Banking News – The Securities Board of Nepal (SEBON) has placed corporate bonds at the center of its newly unveiled Capital Market Development Roadmap 2083, aiming to build a deeper, more diversified, and investment-friendly capital market while offering investors a reliable alternative to the stock market.

According to the roadmap, corporate bonds will play a key role in helping the private sector raise long-term capital while expanding investment opportunities beyond traditional equity trading.
A corporate bond is a debt instrument issued by companies to raise funds from investors for purposes such as business expansion, new projects, and capital financing. SEBON believes strengthening the bond market will provide investors with a more stable investment option alongside shares.
Although Nepal’s capital market is currently dominated by equity trading, the regulator noted that the corporate bond market remains in its early stages. SEBON said expanding the institutional debt market is essential to reduce the economy’s heavy reliance on the banking sector for long-term financing.
Under the roadmap, SEBON has set a target of increasing the corporate bond market’s share to around 20 percent of Nepal’s total capital market by 2036.
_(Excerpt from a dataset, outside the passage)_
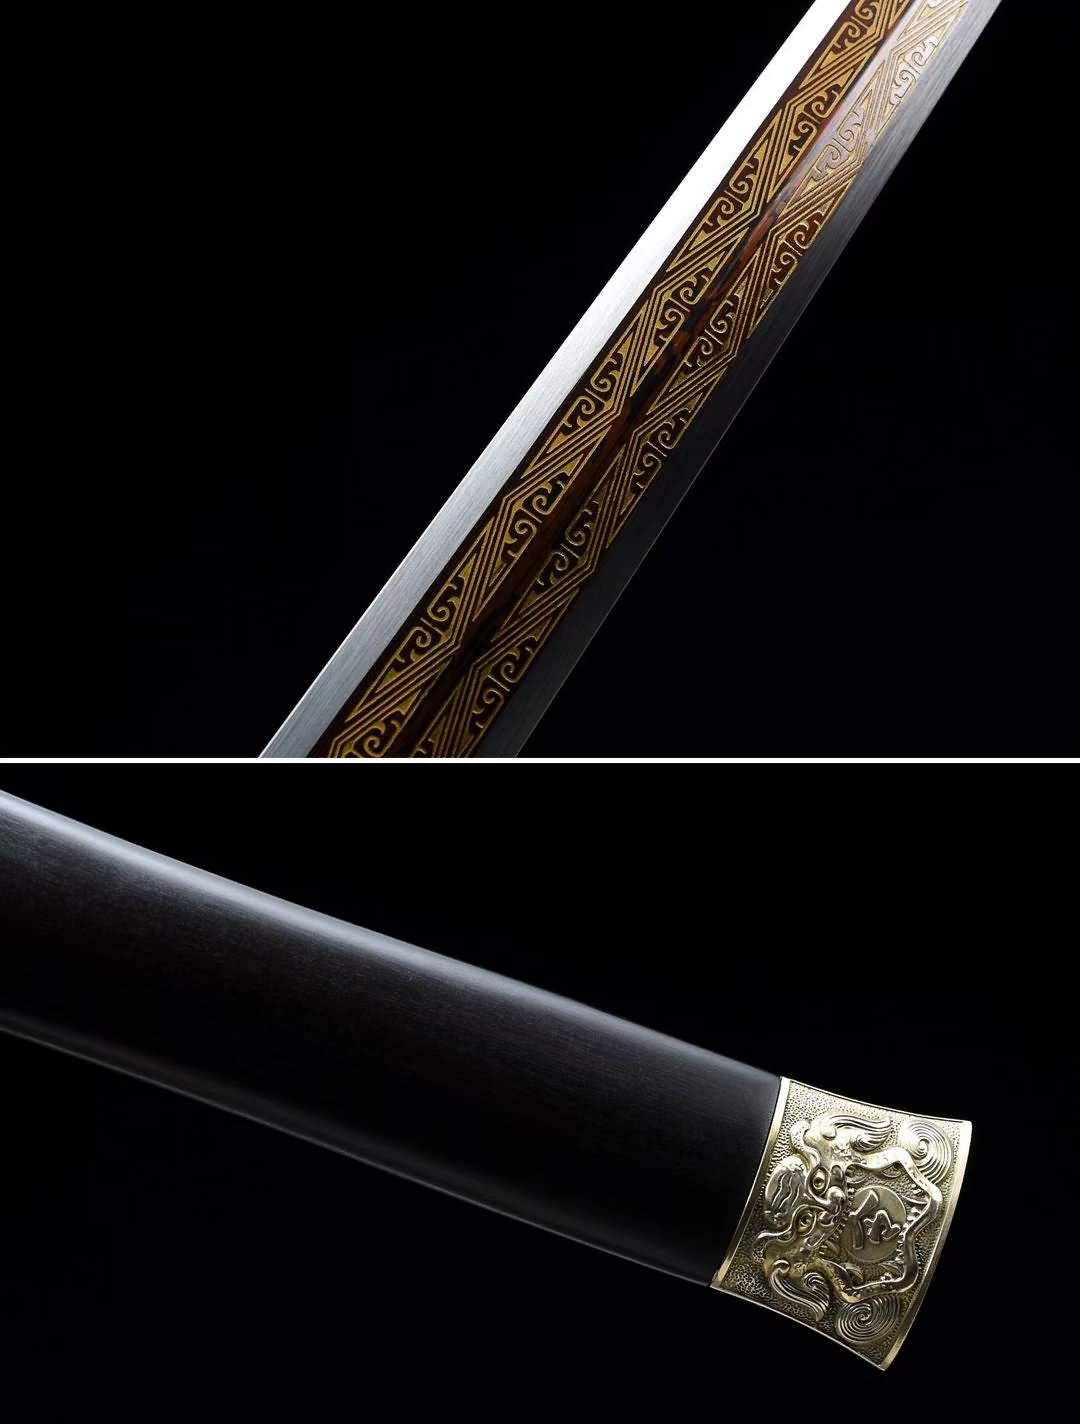 Dragon Han jian Sword(Forged Damascus balde,Brass Fittings) Real Swords,Chinese Sword…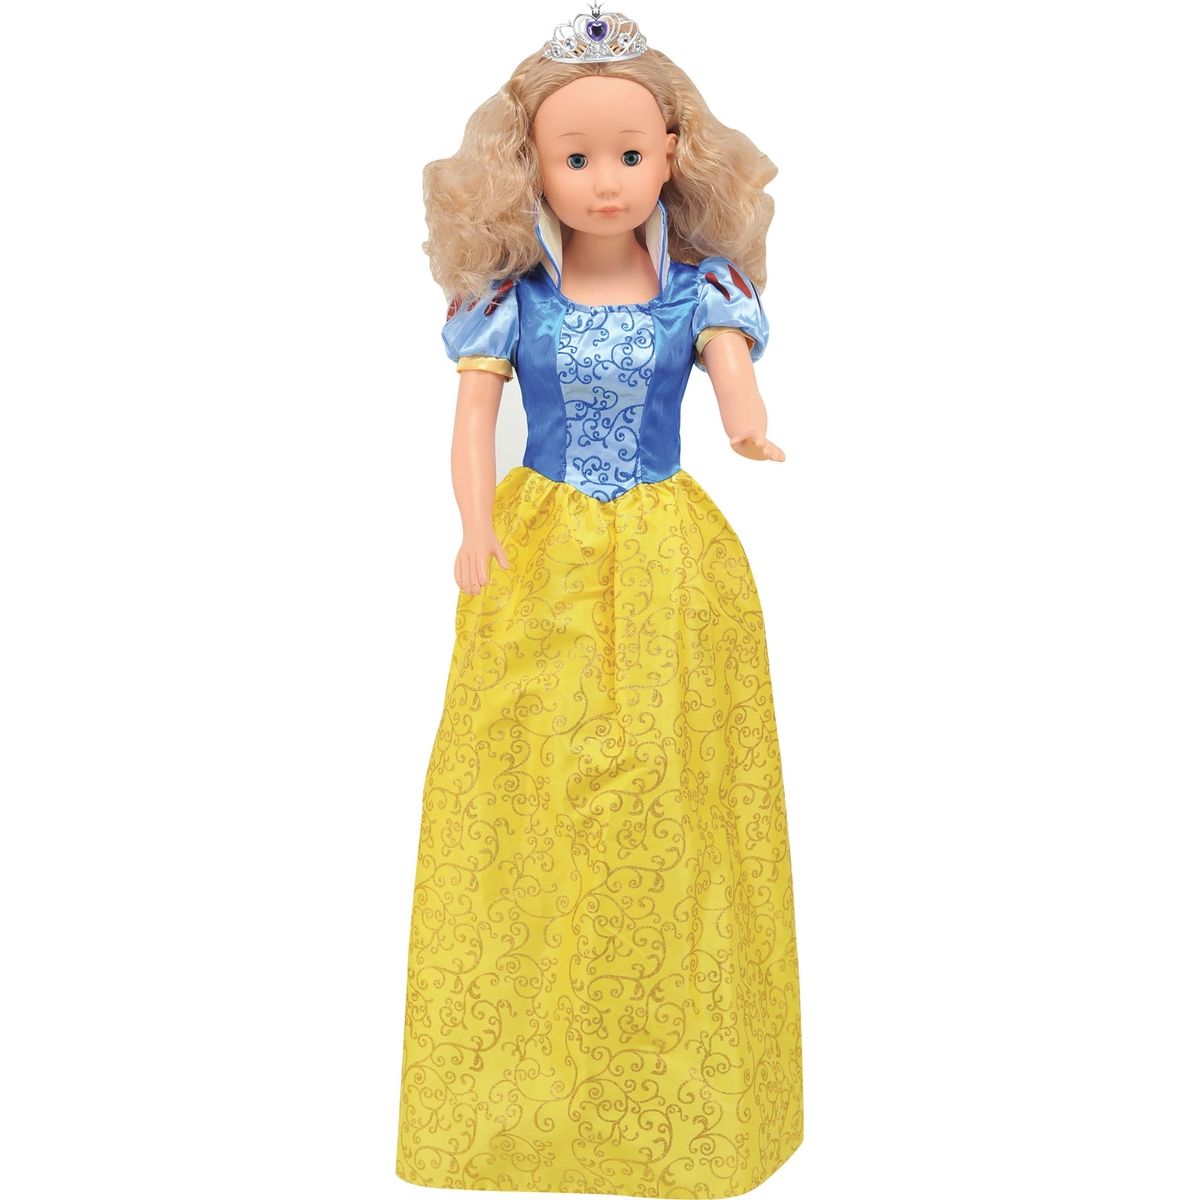 Dimian Panenka Bambolina Molly princezna 90cm - Žluto-modré šaty

The board also plans to gradually introduce additional financial instruments, including mutual funds, green bonds, and municipal bonds, to broaden the country’s investment landscape.
SEBON said Nepal’s capital market should evolve beyond being solely a platform for share trading and become an effective channel for mobilizing long-term investment into productive sectors. It believes a stronger corporate bond market will support financing for hydropower, infrastructure, manufacturing, information technology, and other long-term development projects.
The roadmap further outlines plans to boost secondary market trading of bonds, increase the participation of institutional investors, and introduce necessary regulatory reforms to facilitate the orderly expansion of the bond market.
According to the board, a well-developed corporate bond market will enable companies in industry, commerce, and infrastructure to access long-term funding through the capital market while reducing dependence on bank lending.
SEBON also noted that corporate bonds generally offer more stable returns than equities, making them a suitable investment option for investors seeking to reduce exposure to the volatility of the stock market.